The Annapurna Sanctuary is a high glacial basin lying 40 km directly north of Pokhara. This oval-shaped plateau sits at an altitude of over 4000 metres, and is surrounded by a ring of mountains, the Annapurna range, most of which are over 7000 metres.  With the only entrance a narrow valley between the peaks of Hiunchuli and Machapuchare, where run-off from glaciers drain into Modi Khola River, the Sanctuary was not penetrated by outsiders until 1956. Because of high mountains on all sides, the Annapurna Sanctuary receives only 7 hours of sunlight a day at the height of summer. The unique combination of heights and depths on the 5-7 day trek into the Annapurna Sanctuary give rise to an extraordinary variety of ecosystems.  The south-facing slopes are covered in dense tropical jungles of rhododendron and bamboo, while the north-facing slopes, in the rain shadow, have a drier colder climate similar to that of the near-by Tibetan Plateau.
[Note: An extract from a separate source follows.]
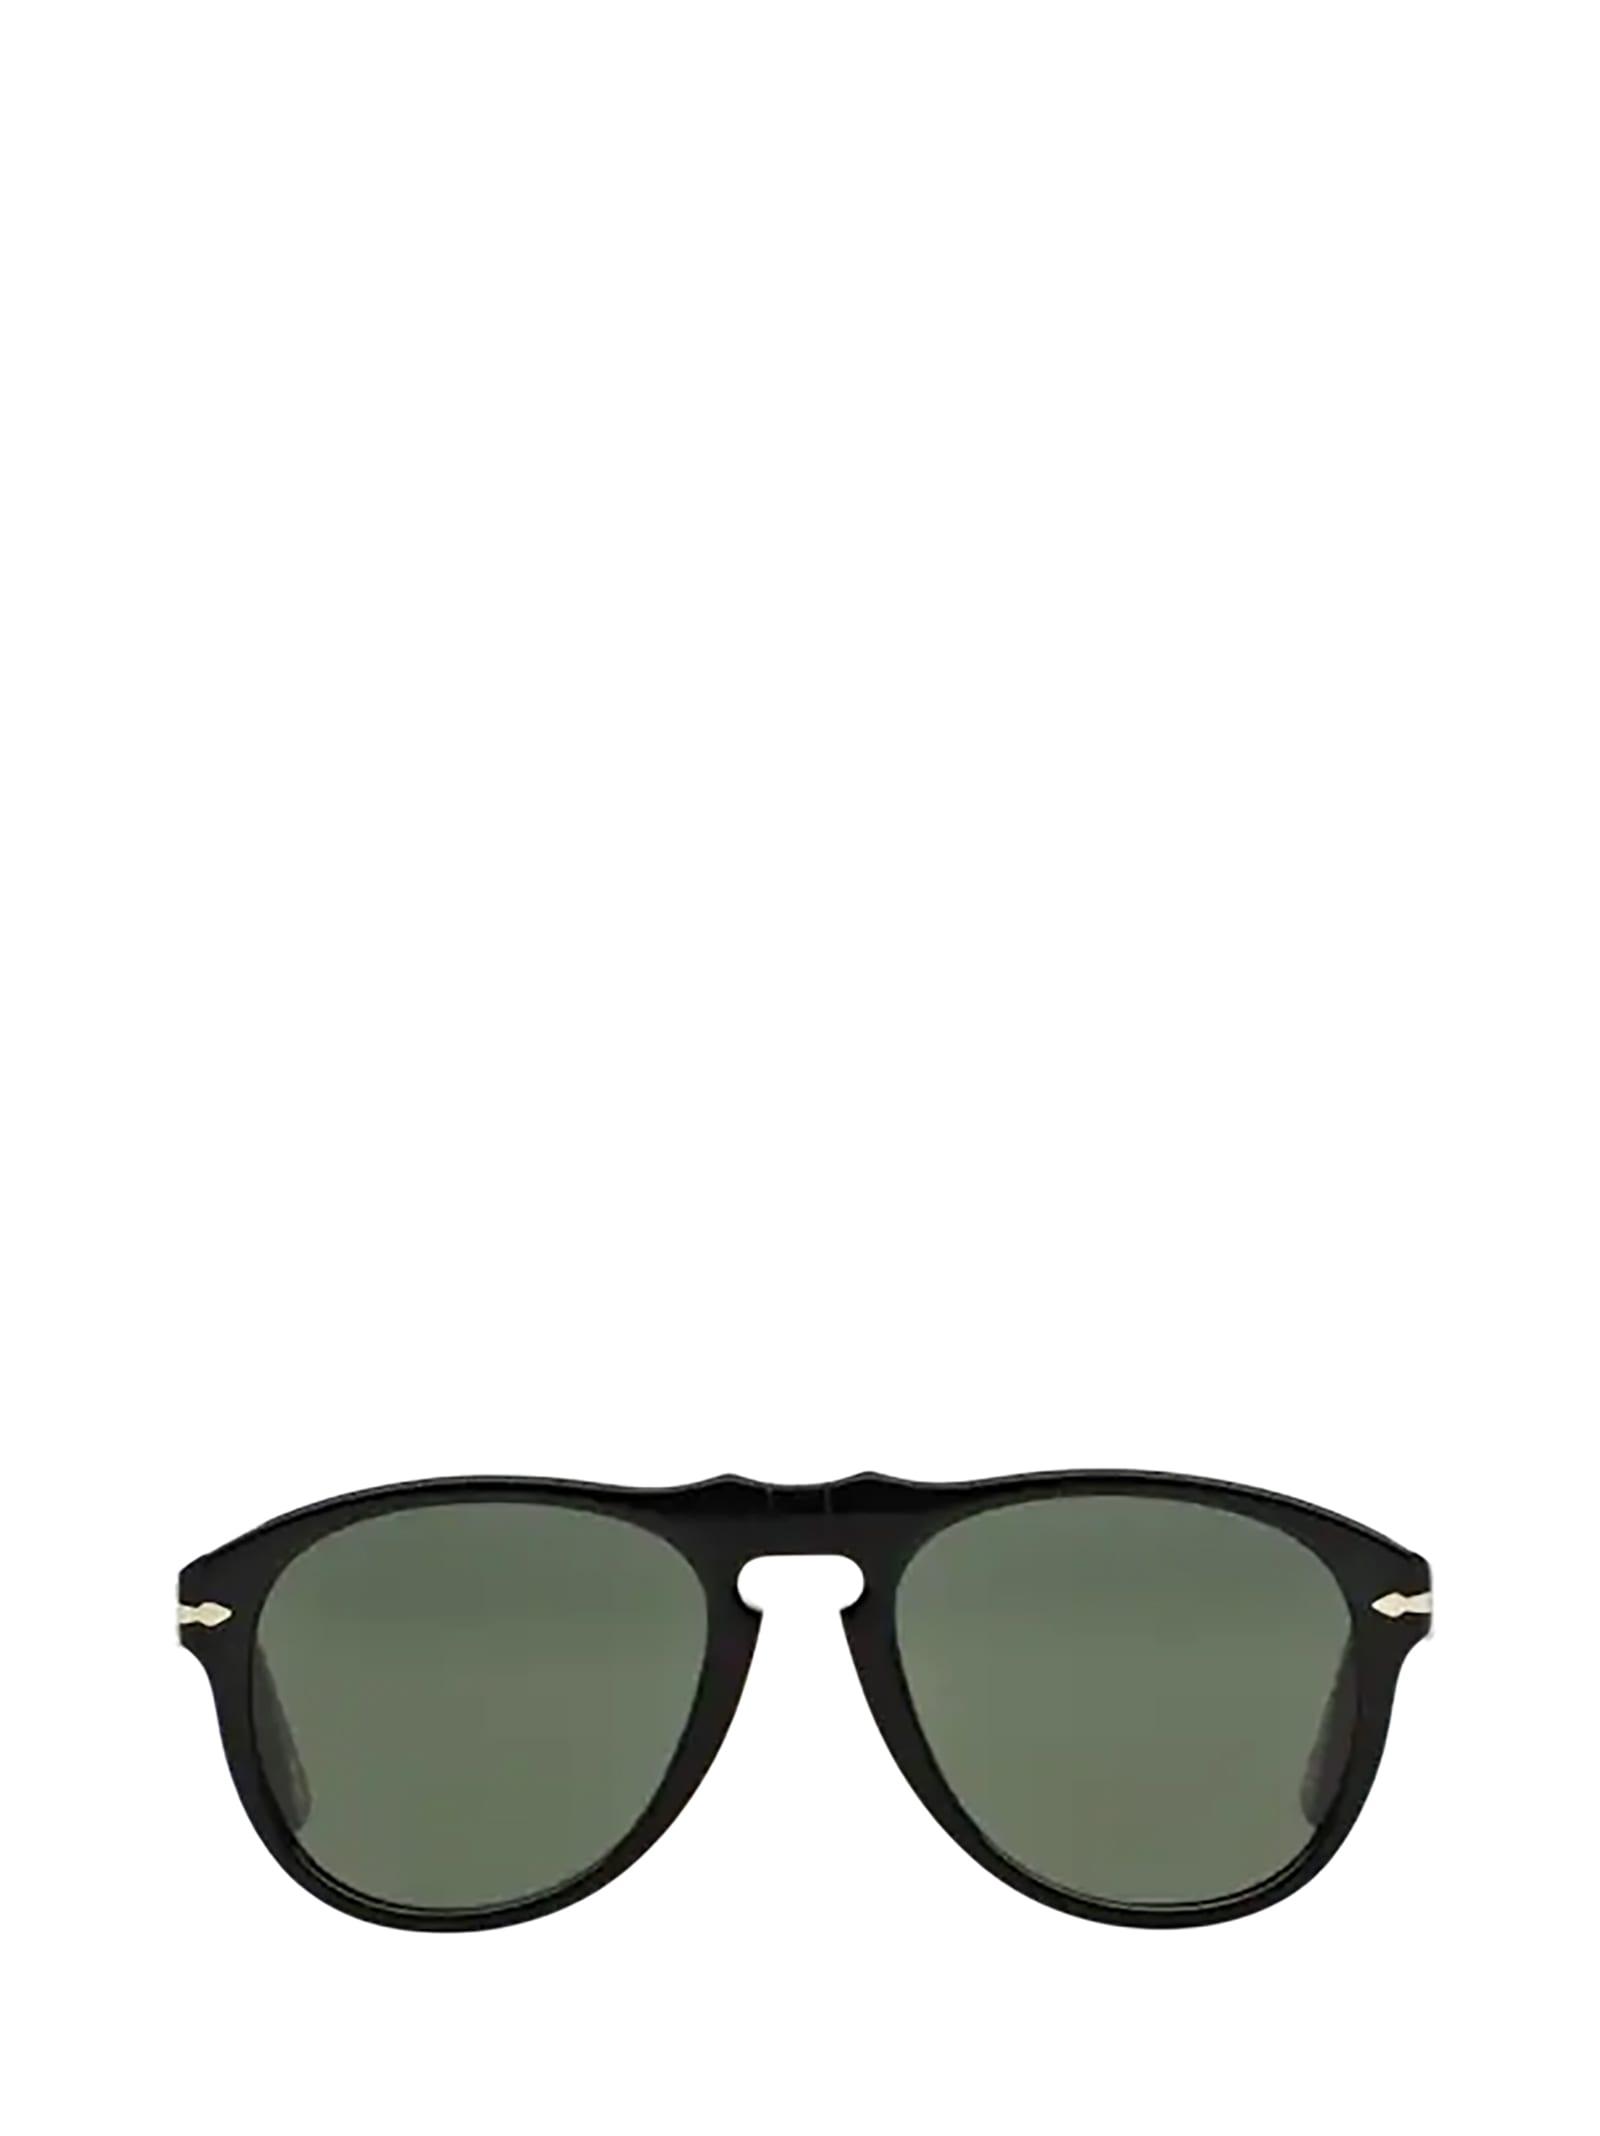 Persol Persol Po0649 95/31 Sunglasses

The entire sanctuary was held as sacred to the Gurung people, one of the many native people to inhabit the area. They believed it was the repository of gold and various treasures left by the Nāgas, the serpent-gods known in India.  The sanctuary was believed to be the home of several deities, from Hinduism and Buddhism as well as older animistic gods. The peak of Machapuchare at the entrance was believed to be the home of the god Shiva, and the daily plumes of snow were thought the smoke of his divine incense.  Until recently, the local Gurung people forbade anyone from bringing eggs or meat into the Annapurna Sanctuary, and women and untouchables were prohibited from going there as well.

The Annapurna Sanctuary is now part of the Annapurna Conservation Area Project, which places restrictions on number of outside travelers, gathering of firewood, and domestic animal grazing.